As you might imagine, this severely derailed my transition. Realizing that I needed to get off that anti-depressant before I completely self-destructed, I quit it. During the withdrawal, my depression and loathing of the world and friends got worse. The not-friends I had tolerated because of the hypomanic feelings became intolerable. I quit drinking, though and started to put my life back together. I quit cigarettes again, a habit I had picked up again as a social tic to feel the 'need need need' manic feelings. I came out to my mom for the first time, only for her to tell me that no matter what I'd still be her son.

And then it was winter. I hate winter. I hate the cold. I hate the barren limbs of trees. I hate the ugly white snow that is only rarely charming, but mostly like an oppressive blanket draped over the world, rendering it lifeless. I didn't get much done. Over the past four or five years I've been embracing art again and trying to finally start a business I've dreamed of for years: screenprinting t-shirts with designs and sayings I've made. Instead, I almost killed myself several times - if it wasn't for my best friend (who understands a lot of where I'm coming from) proactively interceding, I probably would have.

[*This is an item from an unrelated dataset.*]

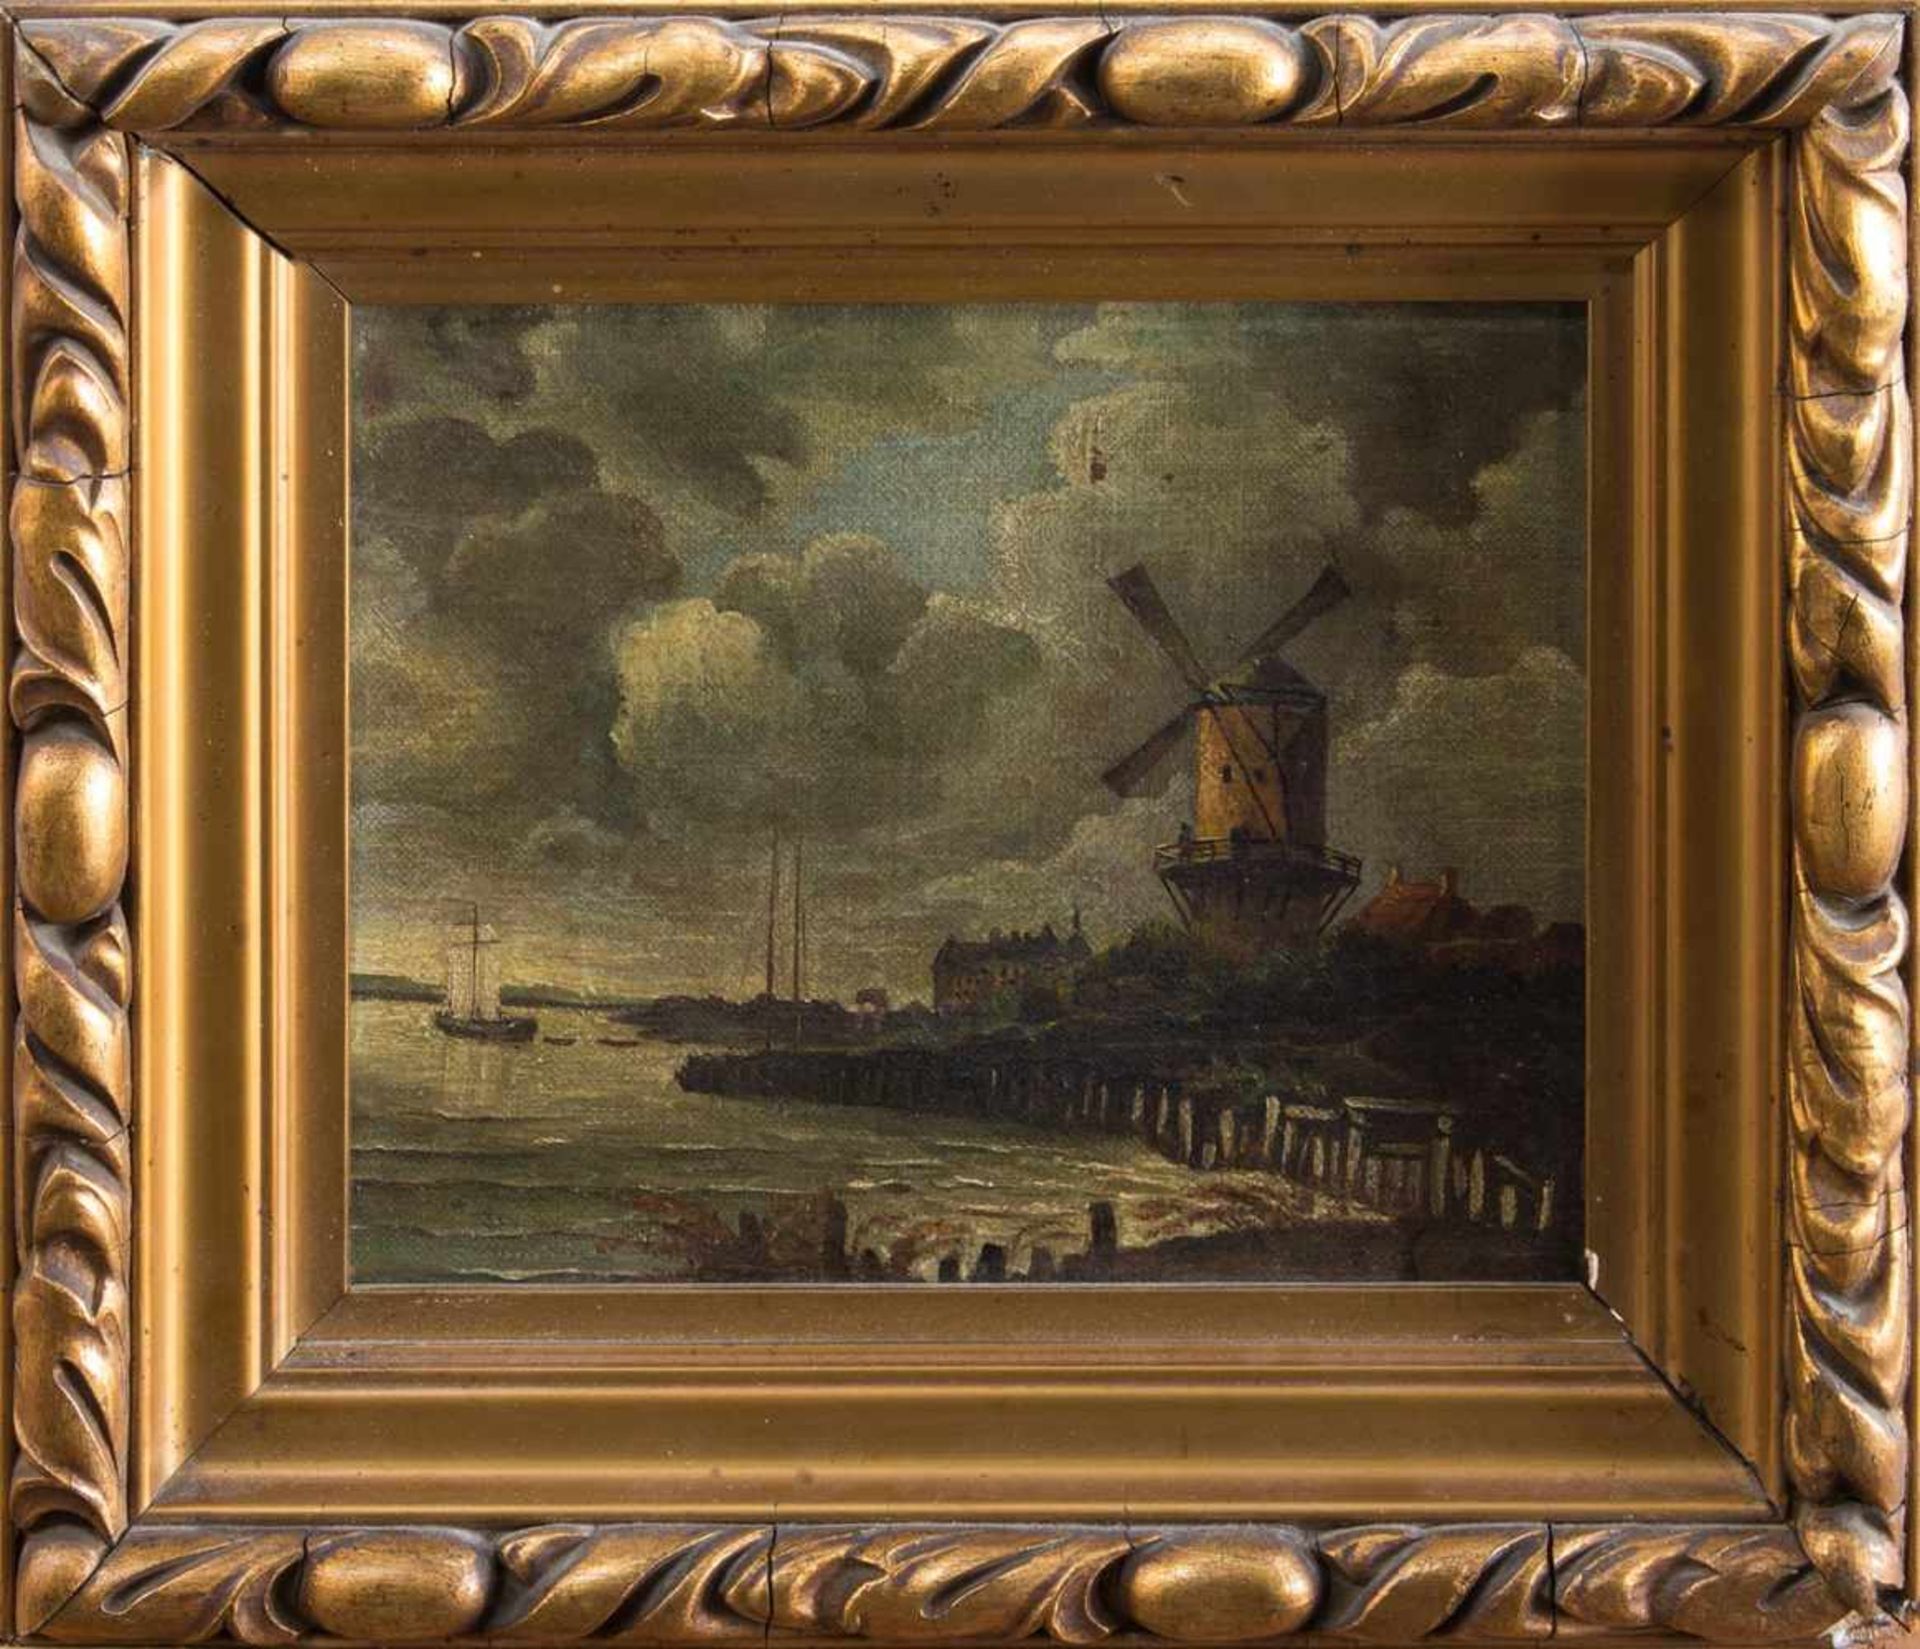 Unbekannt(Landschaftsmaler um 1900)Abendstimmung am MeerÖl/ Leinwand, 17 x 21 cm, gerahmt,

Finally, it was spring. And this year that meant the expansion of Medicaid. Repeatedly pushed to apply for it, I got accepted. This was basically the best news up until that point. I had learned my lesson about doctors - upon being told that I had to choose my primary care provider, I picked a nurse practitioner. Why? Because in my experience, the nurses had always made effort to be accepting where the doctors had had a harder time doing so. I have friends who've studied nursing and have had many nurses as friends. Even reading online, I see far more doubt directed at transsexuals by doctors than by nurses.

And my judgement paid off. Within a few sessions I was prescribed to HRT. My NP was responsive to my needs as a patient. Now, there are limitations - someday, after jumping through hoops, my orchiectomy (testicle removal, maybe more on this in a future post... probably not) might be covered (and legally it is, but medically there's a lot of gatekeeping, "for my own benefit," which is... not beneficial), but the far-more pressing facial hair removal (I can shave, I can put make-up on, I can be on HRT for months now, but... it's still visible and causes me to be misread as male).

It also doesn't help with the college debt (declaring bankruptcy is unlikely to excuse them) I accrued while trying to figure out my life years before transition, resulting in the failure of many classes I would have otherwise excelled at, and nervous breakdowns that resulting in dropping out of school approximately five time. It doesn't help me legally change my name or birth certificate (which can be costly) so that the way introduce and present myself matches my 'legal identity' - which is a further barrier to work and a source of constant stress when some places are required to use that legal identity, which results in misgendering and being referred to by a name that's not who I am. Which might seem minor (I guess? it seems pretty major to me), but it's absolutely crushing, each time hurts and each time adds up.

So now I'm trying to raise money. And I know it can be done, people will give, but it's an uphill battle I shouldn't have to fight. At the urging of a friend, I'm trying to write this so people can see that contributing is very important. There will be more posts in this series, this is just a brief introduction. Some upcoming posts will cover mental health, the United States healthcare system, my difficulties working, my struggle with school, and other topics. This post will be updated as time goes on, with links to subsequent posts. Thank you for reading!